What was really interesting and came out of the conversation bearing in mind the number of people that he’s helped over the years up to multimillionaires down to everyday people. Is that in the Asian community and this came out from my background, half Asian, Harminder is Asian. In the Asian community the older people, in other words the parents very rarely want to discuss with the children about the estate, about the will to the point where he even mentioned about one of his clients.

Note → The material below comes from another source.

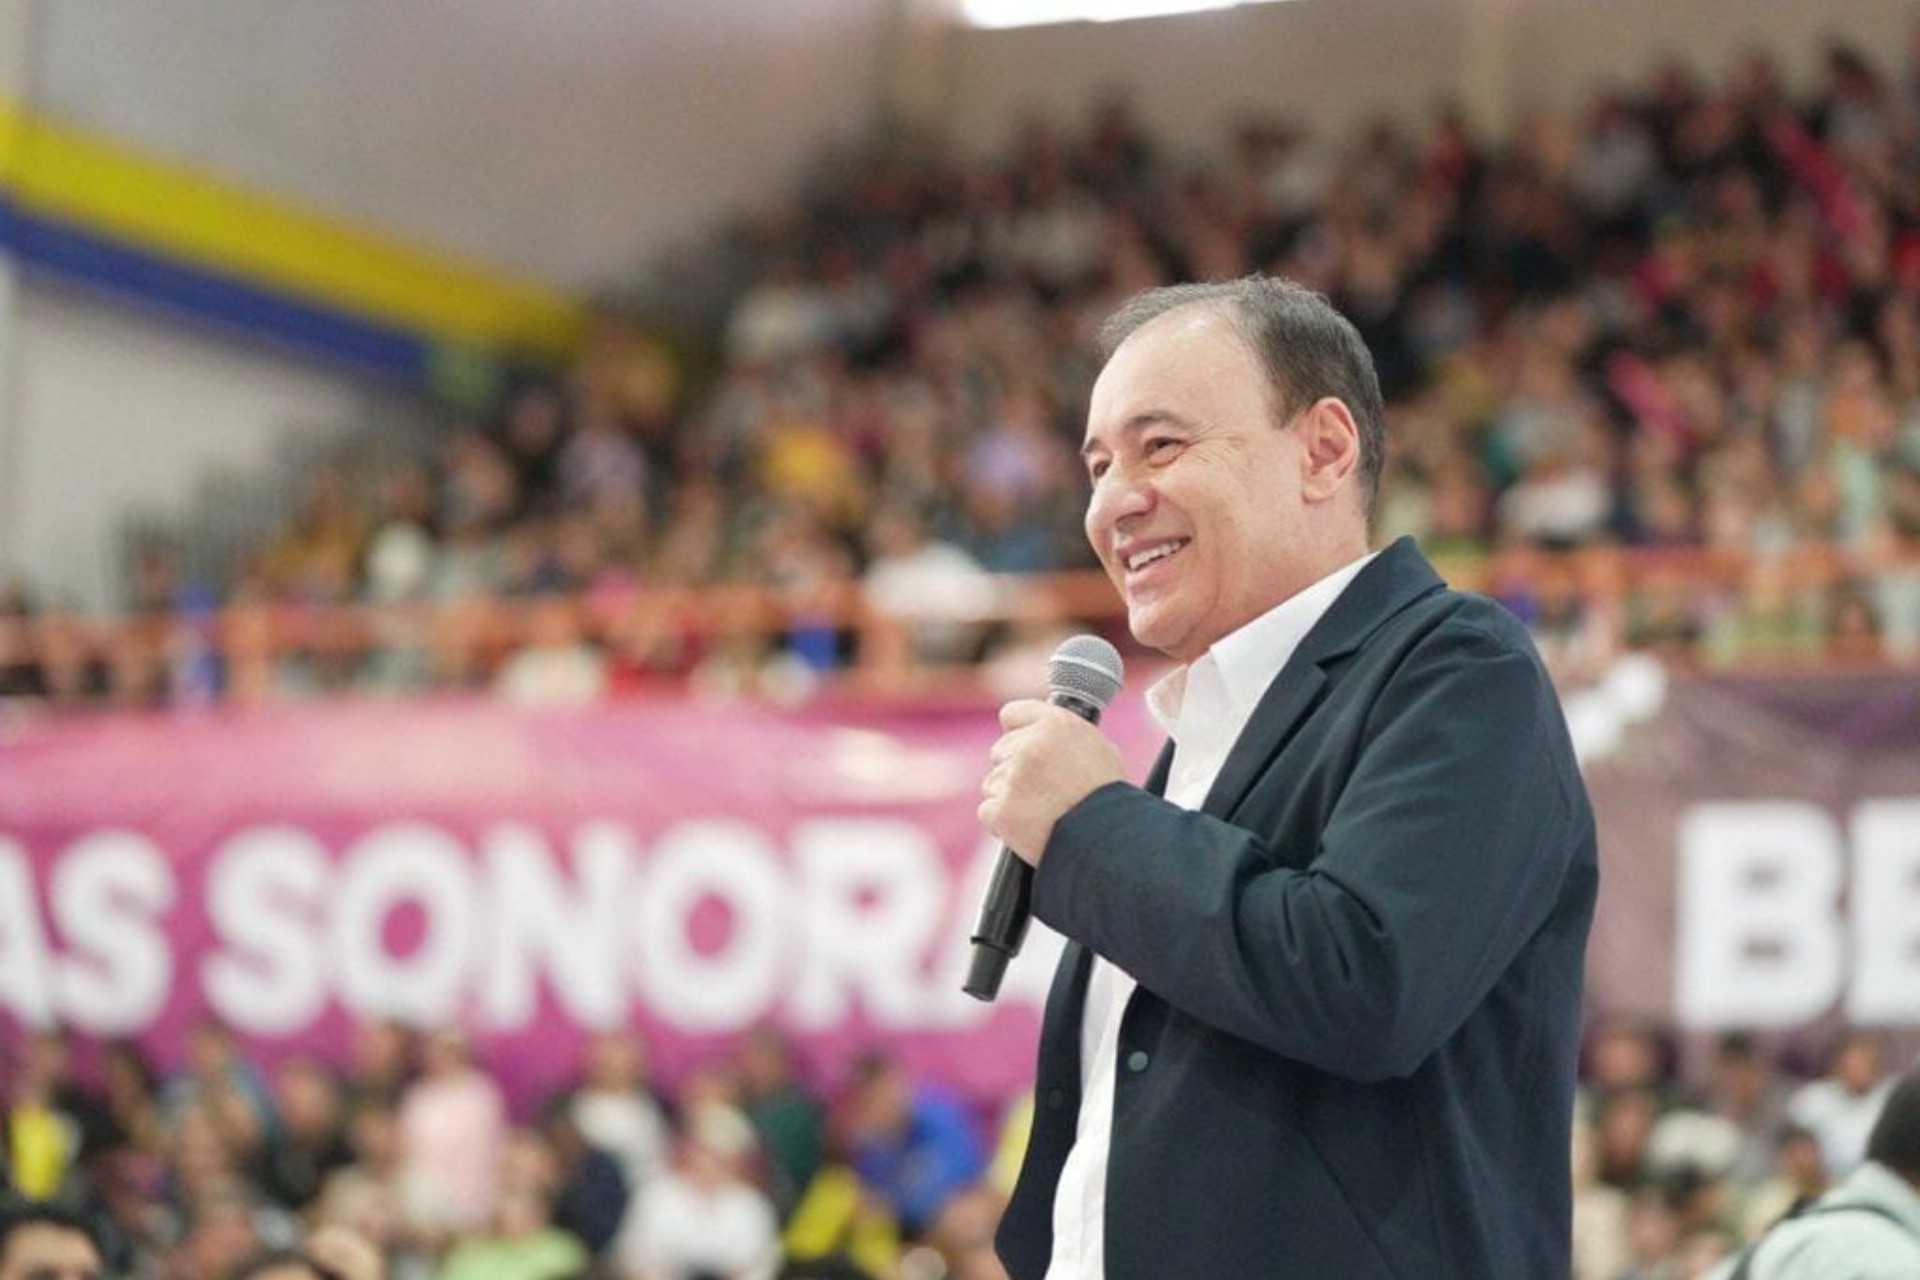 “Alfonso Durazo hace muy buen trabajo”: AMLO respalda al gobernador de Sonora pese a crisis de violencia

Harminder asked the question, how can we raise this subject with our parents as mostly in England and the United Kingdom people aren’t so open about wills and children aren’t good at discussing with the parents about what possessions they have, what’s the estate. The problem is if there isn’t any sort of anything written down in the journey of your life, i.e. in the estate planning. In such a way that it is not clear when it gets to the death of a member of the family that is very emotional. First of all we’re going into mourning as we’ve lost a member we love. Secondly, we’re in a situation where a family member might be disputing the will, so estate planning is really important.
The way to think of this is this. If you’ve got a pressure cooker and you put heat on it and you keep the cap on, that pressure builds up. At some point off it goes, that is a bit like a death leading straight into a will without any estate planning happening. Whereas estate planning through your life whether you’re 25, 30, 35, 40, 45, 50, 60, if you start right now it’s like releasing the pressure on the pressure cooker all the way through the cook. Effectively it’s not going to point where it’s going to explode. Meaning that by the time you get to the will it’s simply guiding the family to reflect back on the estate planning. Entrusting your assets into a trust, whether it’s a discretionary trust. Whether it is not these are all factors that came up in the conversation as well.

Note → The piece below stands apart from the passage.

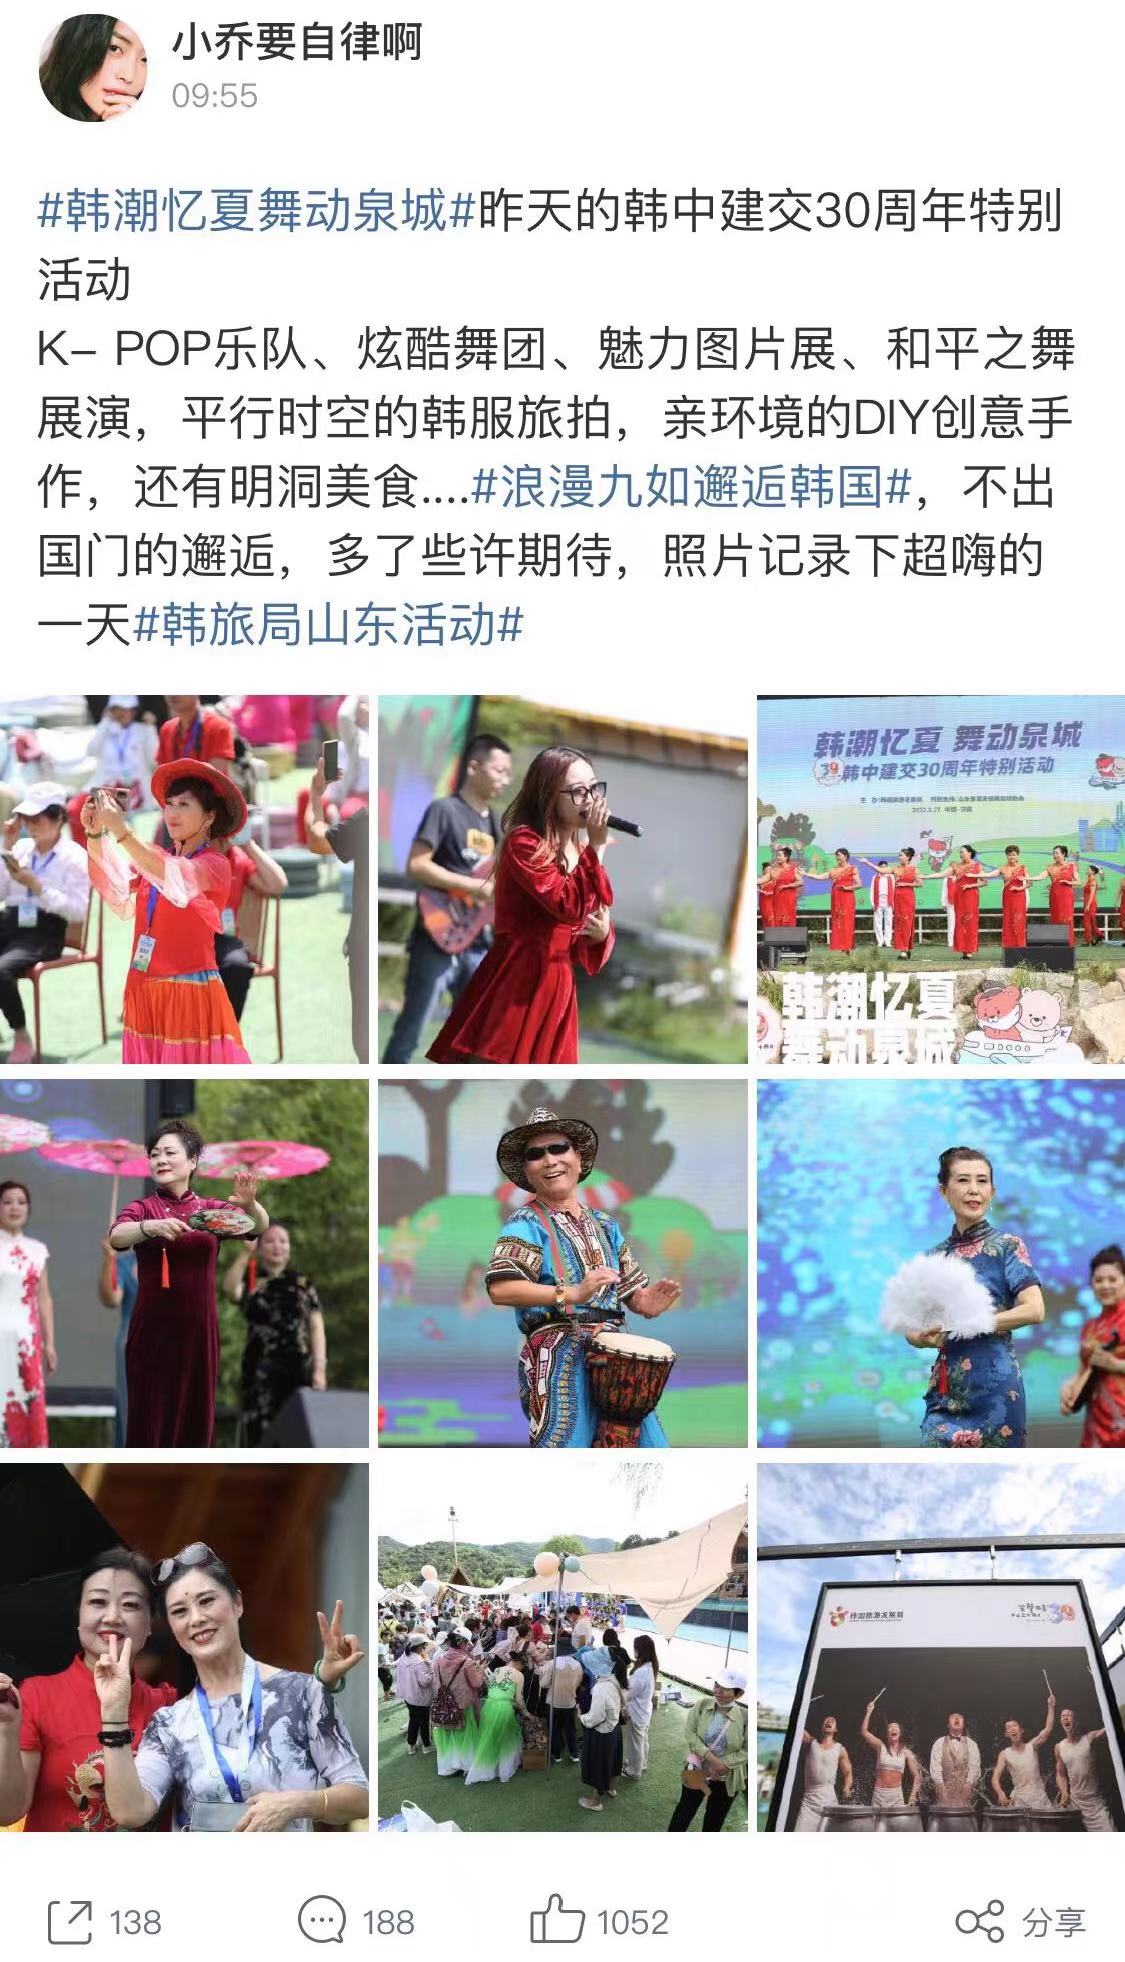 < 산동지역의 한중 수교 30주년 기념 행사 모습들 - 출처: 小乔要自律啊블로그 >

If you’re listening to this right now bearing in mind we are in lockdown for at least another month and a half to two months. Please make sure you listen to that podcast. I do highly recommend that you get your parents to listen to it. I need to go back and have a look at a few things on a personal level, because I’ve realised there are some gaps in what we have got set up. I certainly need to talk to my mum and I’ve got to check in with my brothers as well. My middle brother Marcus had a heart attack last year, he is 51 years of age. My mum had a heart attack as well when we lost a member of our family.
So these things happen and as much as we want our families to live forever and stay healthy. The unexpected can happen and we need to prepare for that, so it’s not a particularly upbeat message for the end of a Saturday.
What I really want to say is love your family, protect your family now and think about protecting the future as well, in such a way that there is not the emotional pressure on people in the event that something happens to you. The same thing goes to your parents as well. It might be worth sharing it with them.
Some of the stories shared on the podcast were quite disturbing and quite upsetting just based on people not doing it, not putting the preparation in place.
I’m going to sign out, take care everyone have a lovely Saturday night.